She made her Arena di Verona debut as Amneris in 2003 and returned there in 2004, 2005, 2006, 2010, and 2012 working with conductors Marco Armiliato, Placido Domingo, Daniel Oren, Vjekoslav Šutej and Piergiorgio Morandi.
She has sung Ulrica in Verdi's Un ballo in maschera in many world stages, notably at the San Francisco Opera, and Graz Opera. Teatro Massimo Palermo, Ancona, Verona and Dresden.

Vaughn's "full-blooded Azucena" in Il Trovatore in a Stuttgart performance,
"with her room-filling presence, her vocal flexibility and vibrant top is a powerful representation of this role." She appeared as Azucena at the Greek National Opera, Hungarian National Opera, Sacramento Opera, Teatro Verdi Trieste, and Teatro Carlo Felice.

Vaughn sang three roles, Serena, Maria and Lily, in Gershwin's Porgy and Bess, at the Metropolitan Opera with James Levine, the Kennedy Center with Bobby McFerrin, and the English National Opera, Teatro alla Scala, Bregenzer Festspiele, Miscolc Festival, Ravinia Festival, Opera Carolina, Chicago Symphony Orchestra and the Dutch National Opera where she also created the role of 'Mother of Aida' in Micha Hamels Caruso in Cuba.
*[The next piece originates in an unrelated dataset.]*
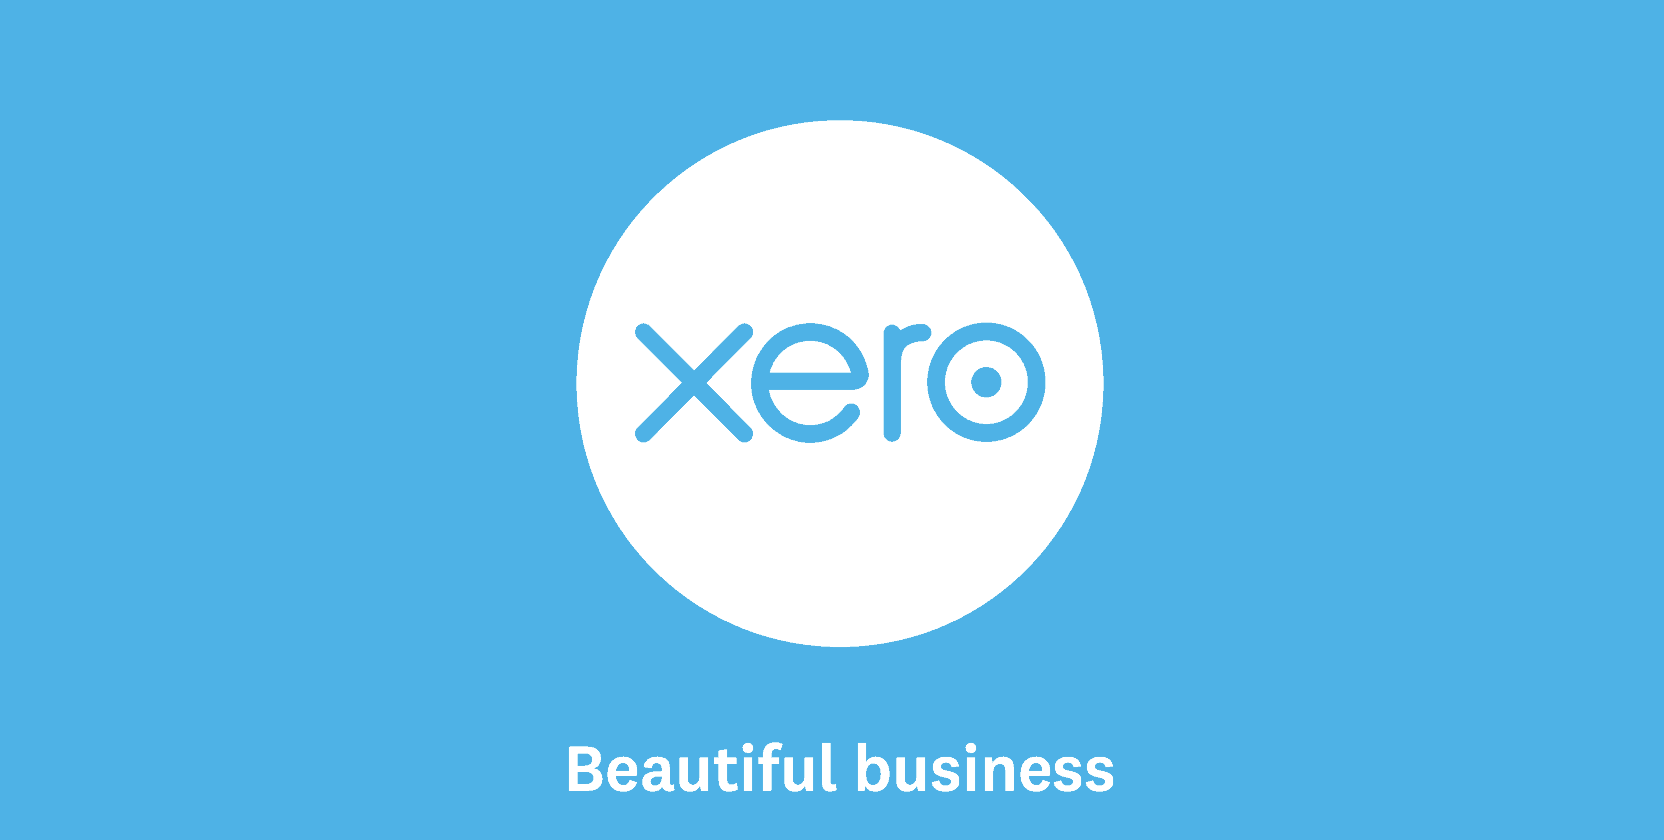 xero share price

Other appearances as a guest artist were at the Los Angeles Opera (Frugola in Puccini's Il Tabarro with James Conlon), Finnish National Opera, The Israeli Opera (Verdi Requiem), Korea National Opera (Mrs. Quickly in Verdi's Falstaff), Candide in Lyon, and Oper Frankfurt.

== Concert ==

Major concerts include appearances in Santiago de Chile (Verdi Requiem), Atlanta Symphony orchestra,
American Symphony,
NDR,
Teatro Petruzzelli Bari (Aleksander Nevsky) under Julian Kovachev,
Berliner Festspiele,
Elbphilharmonie Hamburg,
the Taipei Symphony under Roberto Abbado, and the Kennedy Center (Missa Solemnis),
She frequently performs Lieder and other recitals with partners such as Maris Skuja, Wolfgang Heinz, Lars Jönsson, Nicola Luisotti, and Eytan Pessen at the piano. Vaughn is also a versatile Jazz and gospel performer.

== Personal life ==

In December 1992 Vaughn married singer Derrick Lawrence. Their union produced two children and ended in divorce in December 2007. In 2015 Vaughn was chosen as 'Role Model Beyond Beauty' by OTC beauty magazine, highlighting "women of color who have made significant advances in their careers and who have given back to their communities." Her portrait by Leo Rucker, commissioned by OTC, was part of an exhibition in Winston-Salem, NC and other places. Vaughn has received awards from the Metropolitan Opera National Council, the Richard Tucker Foundation the Opera Index Vocal Competition, Licia Albanese-Puccini Foundation, Robert M. Jacobson grants, Heritage Foundation Award, the Foundation Award of the Birgit Nilsson Foundation, and the Consul General's Award for Cultural Diplomacy from the Consulate General Milan.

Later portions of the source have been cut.